Dabei argumentieren Befürworter und Gegner, wie Busch erläuterte, nicht in den gleichen Bereichen. Die Befürworter brächten die Gebiete "Gesundheit", "Vernunft" und "Wohlstand" zur Sprache, die Gegner "Natur", "Macht" und "Gefährdung". In jedem dieser Bereiche unterstelle man der anderen Seite jeweils negative Absichten und Eigenschaften, wie der Referent an Beispielen erklärte.

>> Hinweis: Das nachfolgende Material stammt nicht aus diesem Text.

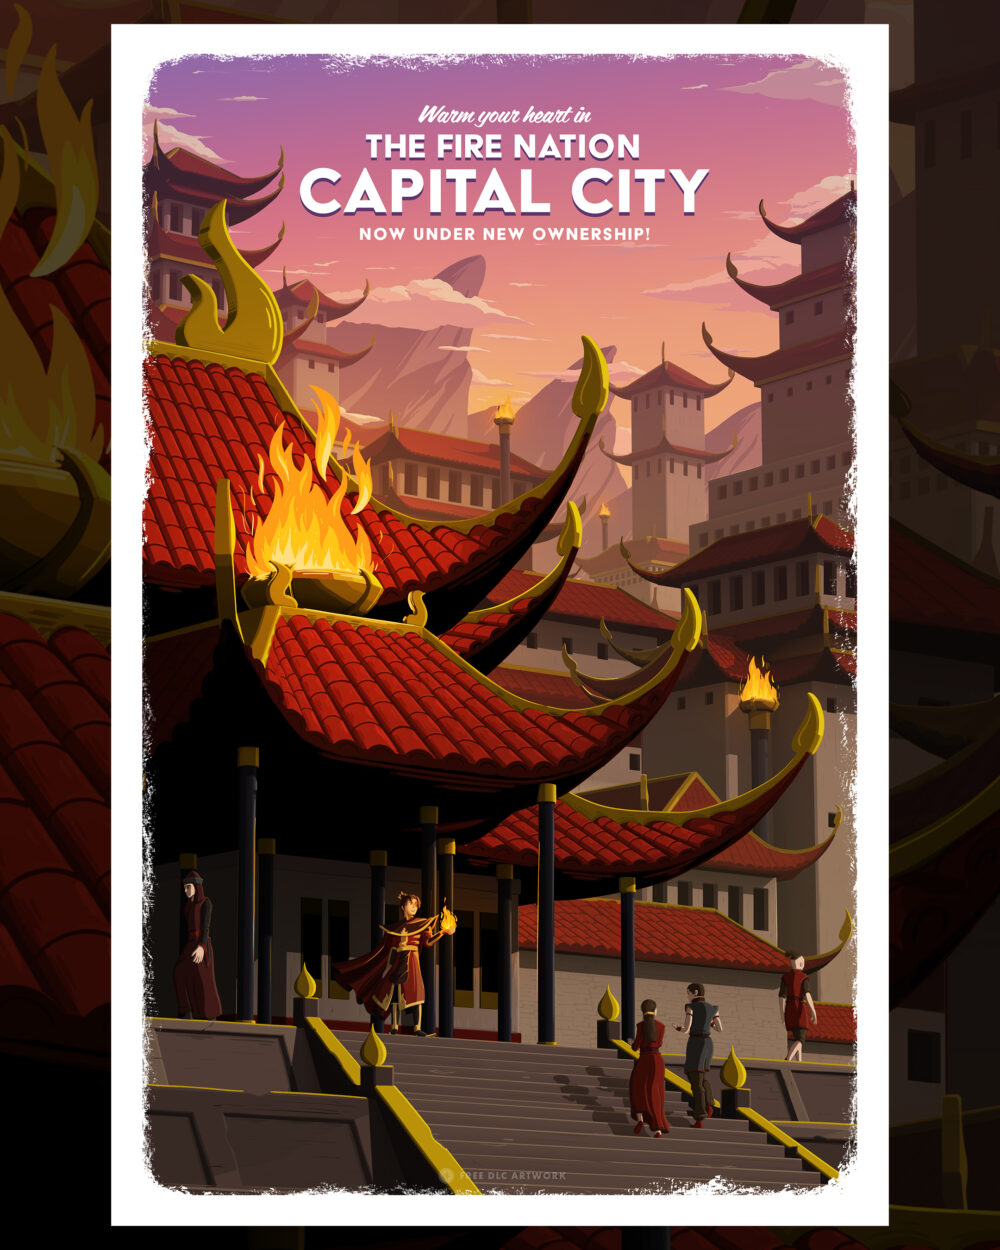 Avatar 4-poster deal: Capital City

Man rede also aneinander vorbei, aber es gebe wichtige Kriterien, auf die man bei einer Bewertung achten solle: 1. Sachkenntnis der jeweiligen Sprecher, 2. Plausibilität der Argumentation; Forschung sei z.B. verpflichtet, auch zum Wohl anderer Neues zu entwickeln, 3. Transparenz der Aktionsbasis, also: "Wer spricht eigentlich für wen und in wessen Auftrag?" und 4. Rückhalt in der "scientific communitiy", also die wissenschaftliche Anerkennung durch andere Fachleute.

Bei der ethischen Beurteilung der Gentechnik an Pflanzen müsse man, so fuhr Busch fort, sehen, dass ca. 30 % Pflanzenschutzmittel eingespart werden könnten, die Entwicklung neuer Kulturpflanzen möglich sei, etwa zur Kunststoffherstellung, die Ernährung der steigenden Weltbevölkerung trotz zurückgehender Anbauflächen und Wasserknappheit nicht anders für die nächsten Generationen gesichert werden könne und auch der Abbau von Schadstoffen zumindest erleichtert werden könne, obwohl hier vieles noch in der Entwicklung sei und die Probleme dadurch nicht völlig gelöst werden könnten.

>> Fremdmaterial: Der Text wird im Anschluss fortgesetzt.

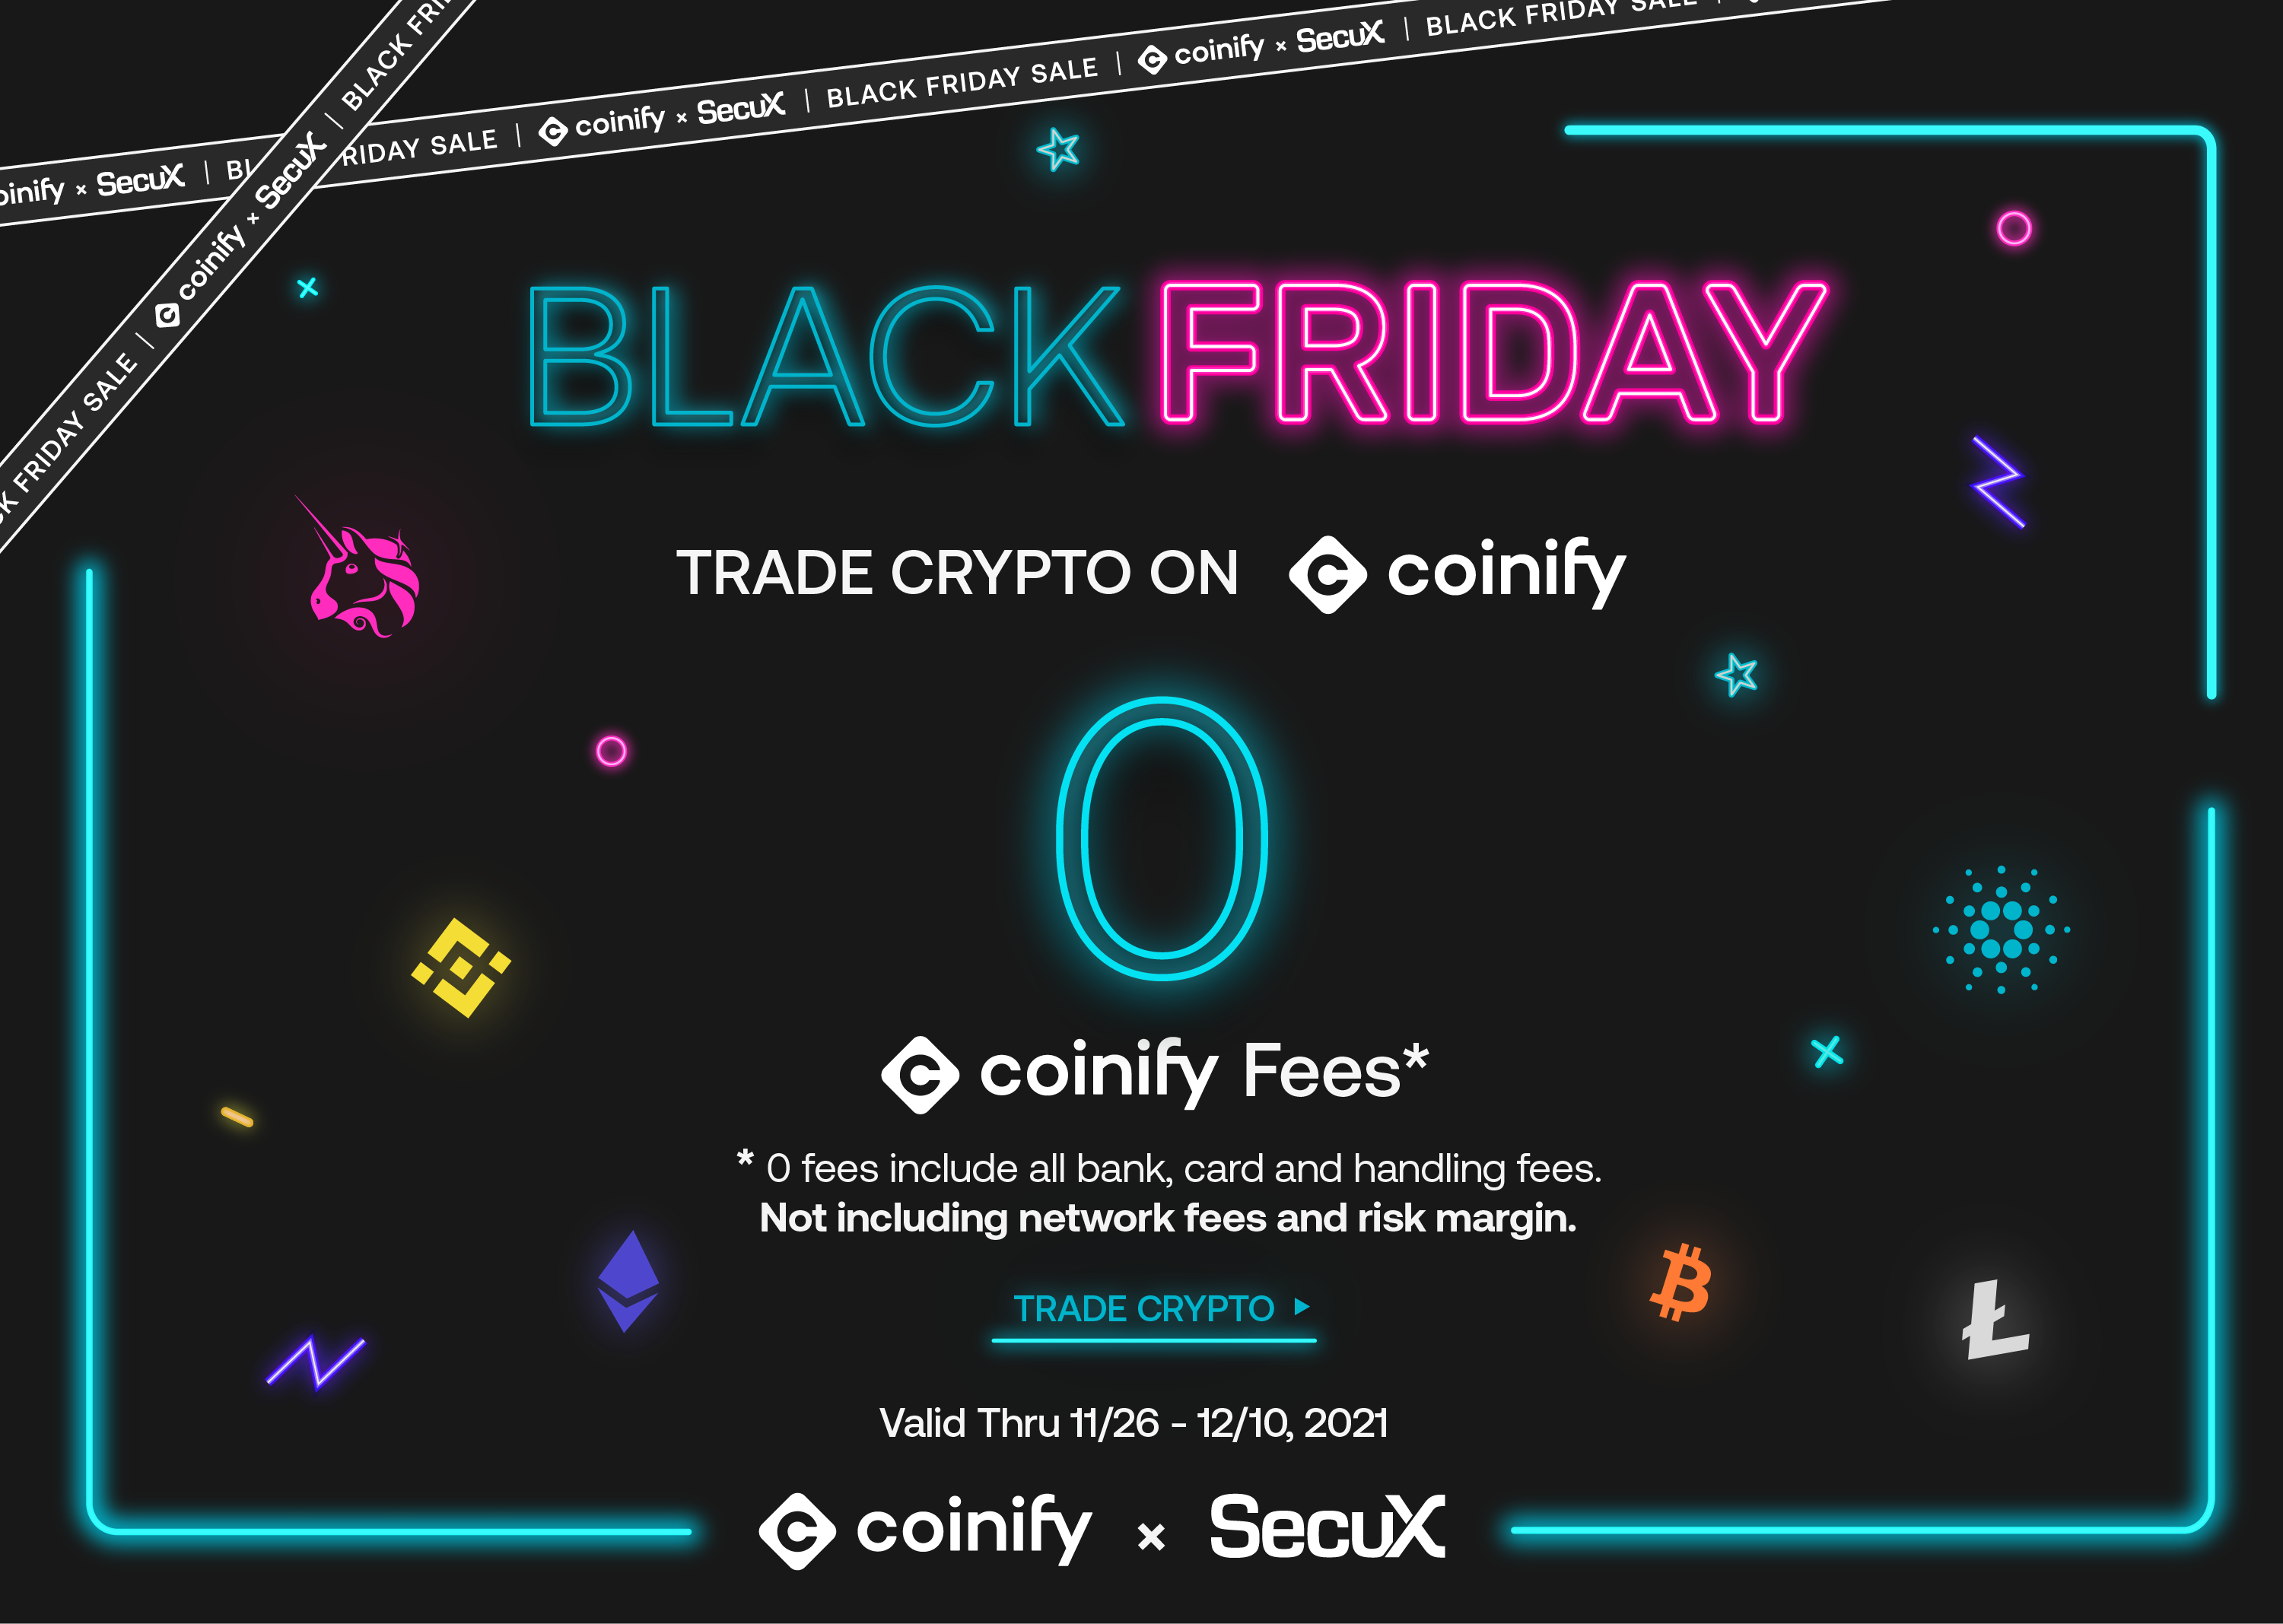 Coinify x SecuX Black Friday 0 Fees

Natürlich müsse man auch "noch ein wenig ändern, bevor man Gentechnik einsetzt. Unter "public anderstanding of science" sei einerseits zu verstehen, dass man sich von Seiten der Forschung bemühen müsse, die Gentechnik der Allgemeinheit verständlich zu machen, dass aber die Wissenschaft auch auf das Denken der Leute eingehen müsse. Die Ethik frage auch im Bereich der Gentechnik nach den Grundlagen menschlichen Handelns, ihr Ziel sei das "gemeinsame gute Leben". Der Horizont müsse daher global sein, viele Bereiche, nämlich Naturwissenschaft, Technik, Wirtschaft, Politik und Ethik müssten zusammen arbeiten, um dieses Ziel zu erreichen. Daher müssten die Produkte der Gentechnik hohen Ansprüchen genügen: der Ökologie-Verträglichkeit, also dem Umweltschutz, der Wirtschaftlichkeit und Sozialverträglichkeit, sie müssten bei Fehlentwicklungen reversibel, also durch andere ersetzbar sein, und sie dürften nicht nur in einem Bereich lebensfähig sein und müssten Alternativen immer Raum lassen. Man dürfe also nicht Agrarkultur aus Industriestaaten einfach in andere Kulturkreise exportieren, wo sie vielleicht gewachsene Strukturen zerstören würden.

Mit der Aussage "In Deutschland gibt es keine Probleme, mit Forschungseinrichtungen über diese Themen ins Gespräch zu kommen" schloss Roger J. Busch sein Referat, für das er viel Beifall erhielt.

In der ausführlichen Diskussion wurde unter anderem die Frage gestellt, ob es ethisch vertretbar sei, ausgestorbene Lebewesen mit Hilfe der Gentechnik wieder ins Leben zu rufen, worauf der Referent meinte, es mache wohl keinen Sinn, solche Lebewesen in einer Umwelt zu reproduzieren, wegen deren Veränderung sie ja ausgestorben seien. Als reines Schauobjekt wie im "Jurassic Parc" sei ein Tier seiner Würde beraubt. Auch auf die anderen gestellten Fragen gab der Referent Antworten, bei denen man spürte, dass hinter allem ethisches Denken aus Überzeugung stand. Es war ein Vortrag, der sich lohnte.